LLM Fine-tuning: Old school, new school, and everything in between
In the previous blog, as part of our LLM series, we explored various LLMs, their characteristics and outlined some helpful LLM tooling. We also highlighted the distinction between closed-source and open-source LLMs. In this blog, we dive deep into LLM finetuning. In the following sections, we explain where and why finetuning an LLM is useful. We also provide a historical overview of different LLM finetuning approaches and discuss emergent techniques in the field.
Training LLMs involves several stages, such as pretraining, supervised finetuning, and using advanced techniques like reinforcement learning human feedback (RLHF), to produce a conversational assistant that excels at many different tasks, resembling a “Jack of all trades”. In the pre-training stage, a large transformer model is trained on an even larger dataset. A suitable dataset consists of trillions of words scraped from the internet. For example, one data recipe curated by RedPajama contains data scraped from popular websites such as wikipedia, stack exchange and github. This dataset contains 1.2 trillion tokens and takes around 3 TB of disk space. The task for this stage is simply to learn to fill in the blanks. A model trained in such a self-supervised fashion creates an internal representation of language. These models learn statistical information, predicting what is the likely next word for a given input context. For example, predicting the next word in the sentence “The sky is ”. Many diverse training datasets enable these pretrained models to establish a base understanding of natural language. Such pretrained models are also referred to as foundational models.

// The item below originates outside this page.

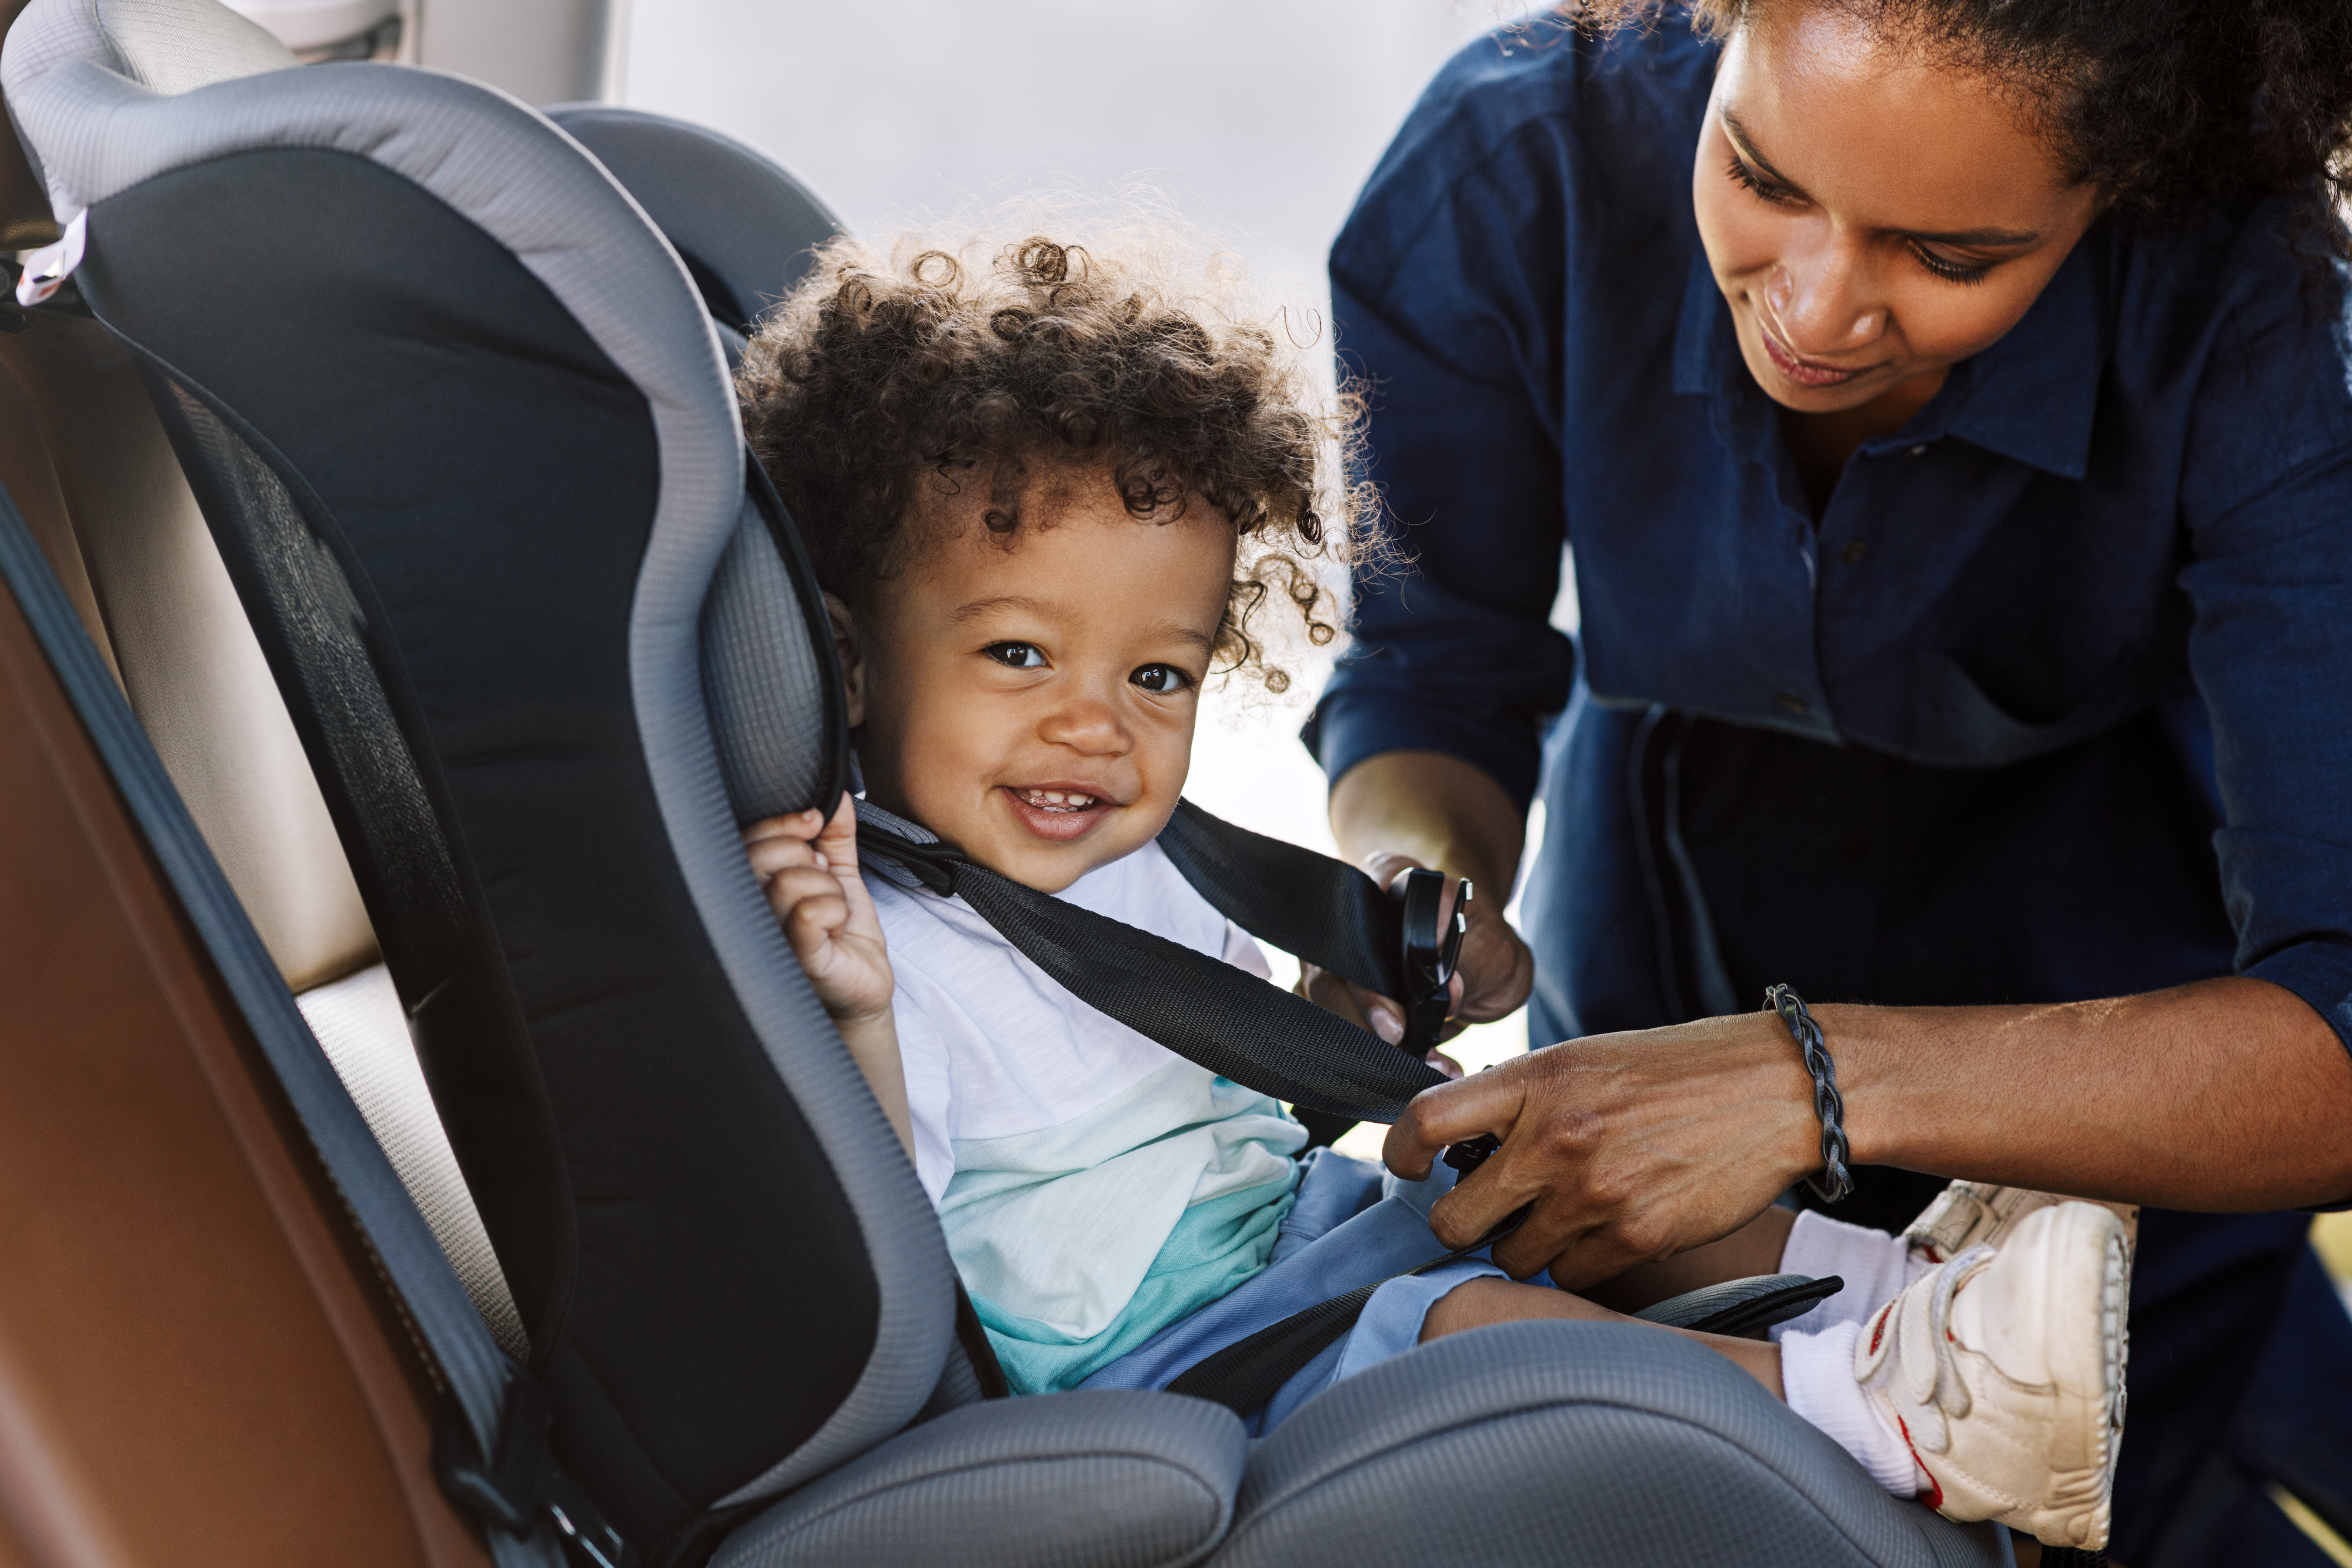 Mother strapping her child to a car seat | Source: Shutterstock

Pretrained base models are good at one thing; completions. They produce sentences that are grammatically correct and fluent. Sometimes referred to as stochastic parrots 🦜. They are not especially good for NLP tasks such as sentiment analysis or text classification. This is where the supervised finetuning phase plays an important role. Fine-tuning uses these pre-trained base models and trains them using domain- or task-specific datasets in a supervised fashion. Fine-tuning leverages the general knowledge learnt through pretraining and adapts it to a specific domain, resembling a “Master of one”. This process is also known as “transfer learning”. It allows a model to transfer knowledge gained from one task to another. Pretraining models is a resource-intensive process. Fine-tuning models, on the other hand, requires minimal compute resources (relatively speaking) for additional training.

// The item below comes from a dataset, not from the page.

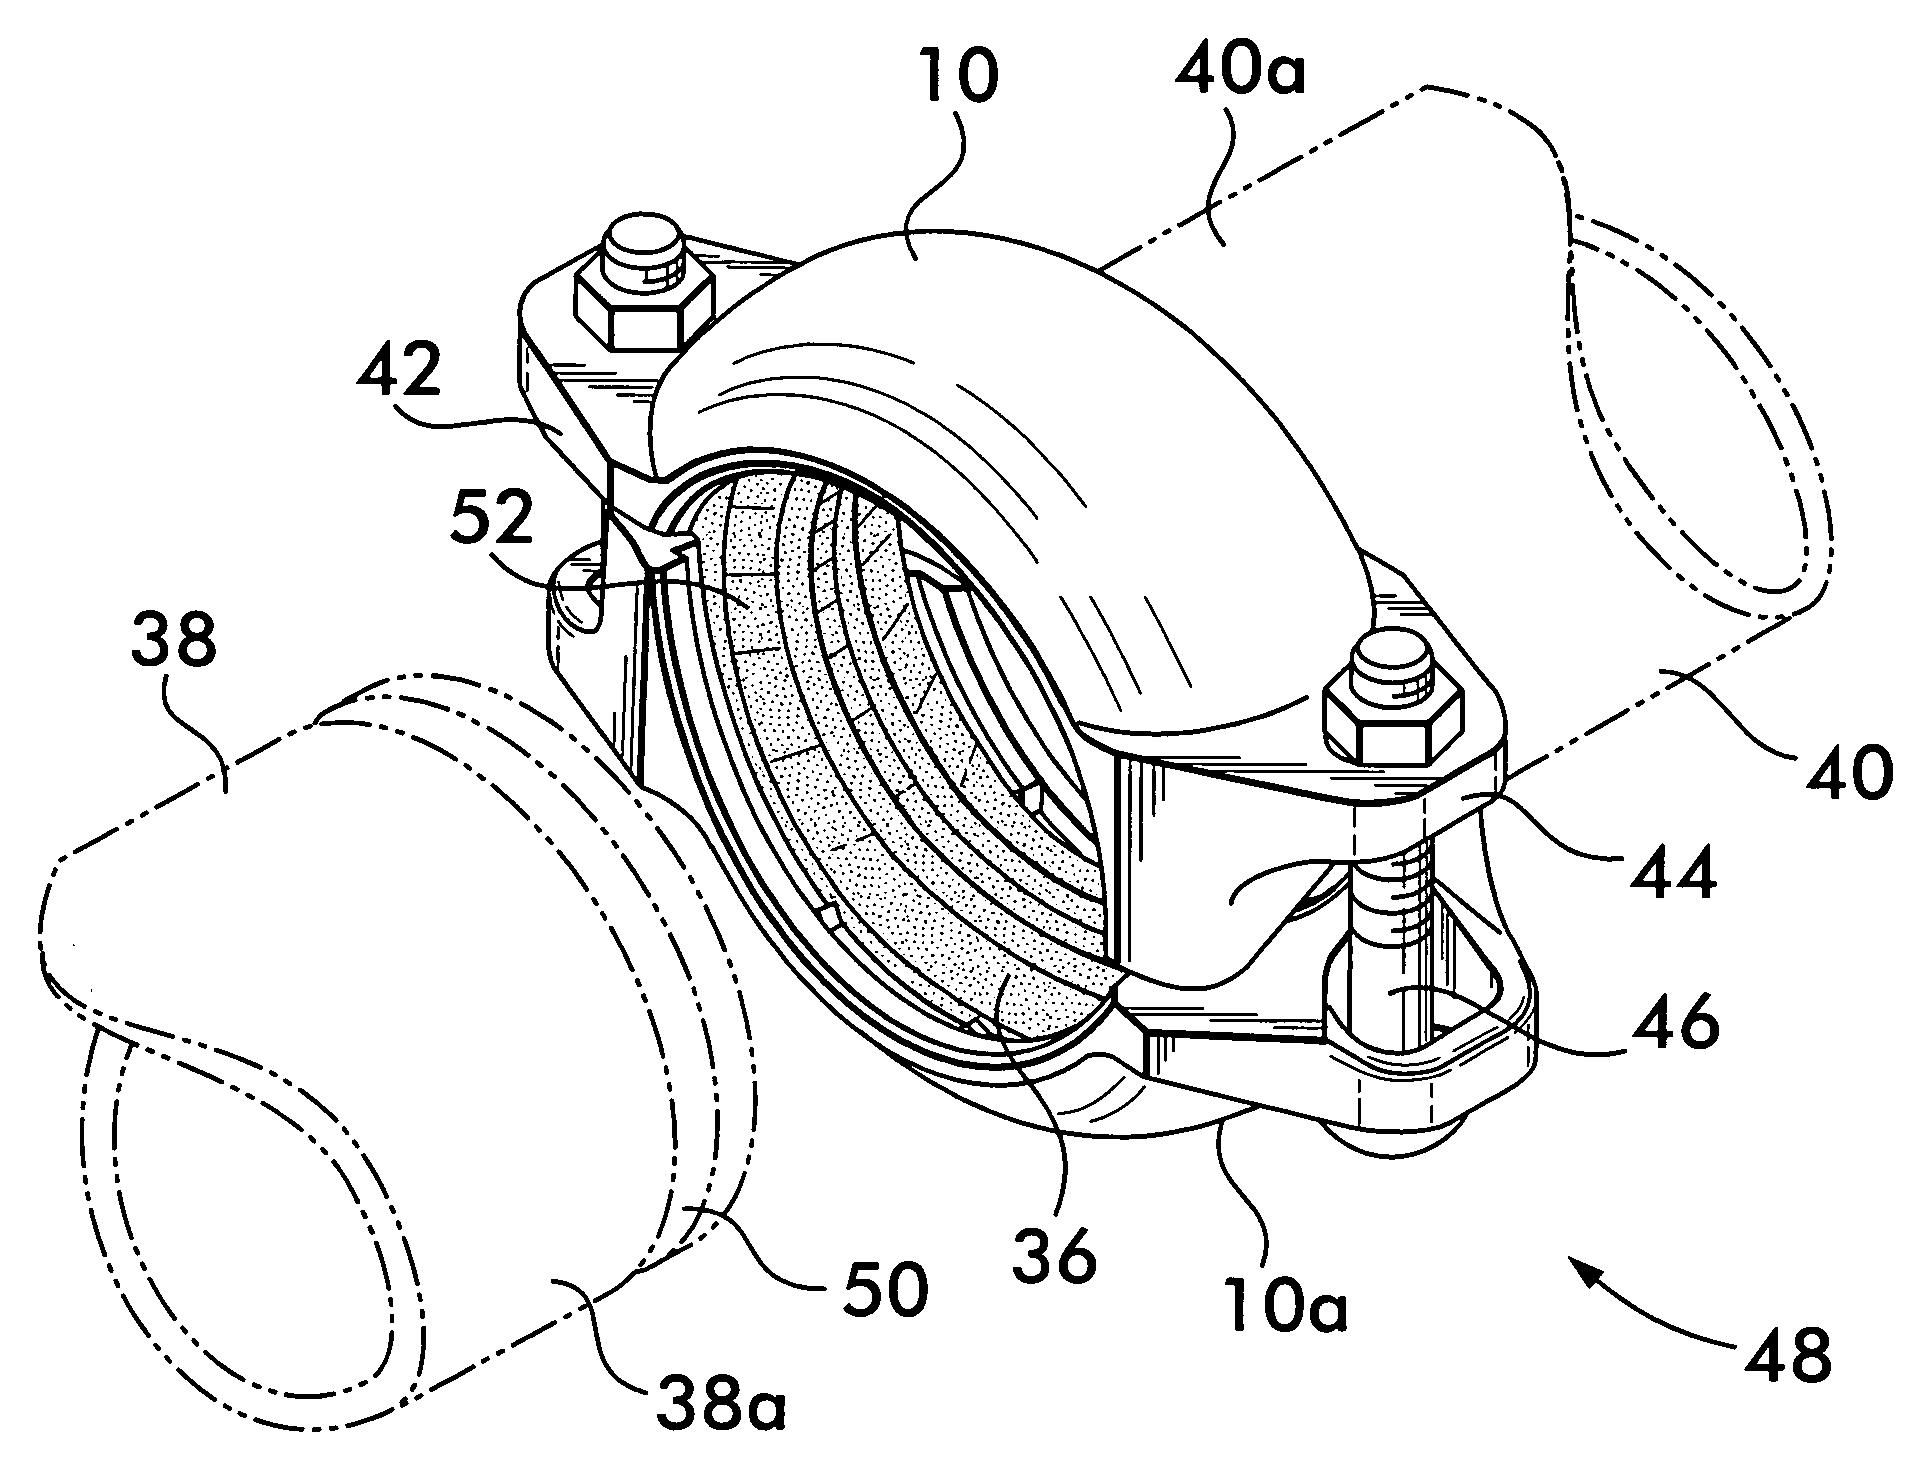 Deformable pipe coupling having multiple radii of curvature

Fine-tuning a pretrained model is useful for quickly developing high-quality models, for a specific task, with minimal training data. There is also a meaningful privacy benefit; where the application domain requires sensitive data to be used to fine-tune a base model, this can all be done on premise, owing to the relatively modest computational resources required for finetuning. There are different approaches to finetuning, where some change the weights of the base model, others add a few extra layers on top of the base model and train only these additional layers. We will explain the various approaches required for finetuning LLM in the next section.
Historical Fine-tuning techniques
In the previous section, we looked at where and why finetuning is useful. In this section, we focus on the question of how to fine-tune. We outline different approaches to finetuning an LLM. Broadly, these approaches can be categorized into two groups. The first group consists of three old-school approaches, which are not limited to finetuning LLMs. The second group consists of innovative approaches for parameter efficient finetuning, emerging from research into LLMs. In the following section, we will explore each of the two groups in greater detail.
All the approaches we discuss below use a pre-trained LLM as a base model. Fine-tuning is performed using this base model on a labelled, domain-specific dataset. Fine-tuning involves copying the weights from a pre-trained network and tuning them on the downstream task. Below we outline three approaches that slightly tweak the training process.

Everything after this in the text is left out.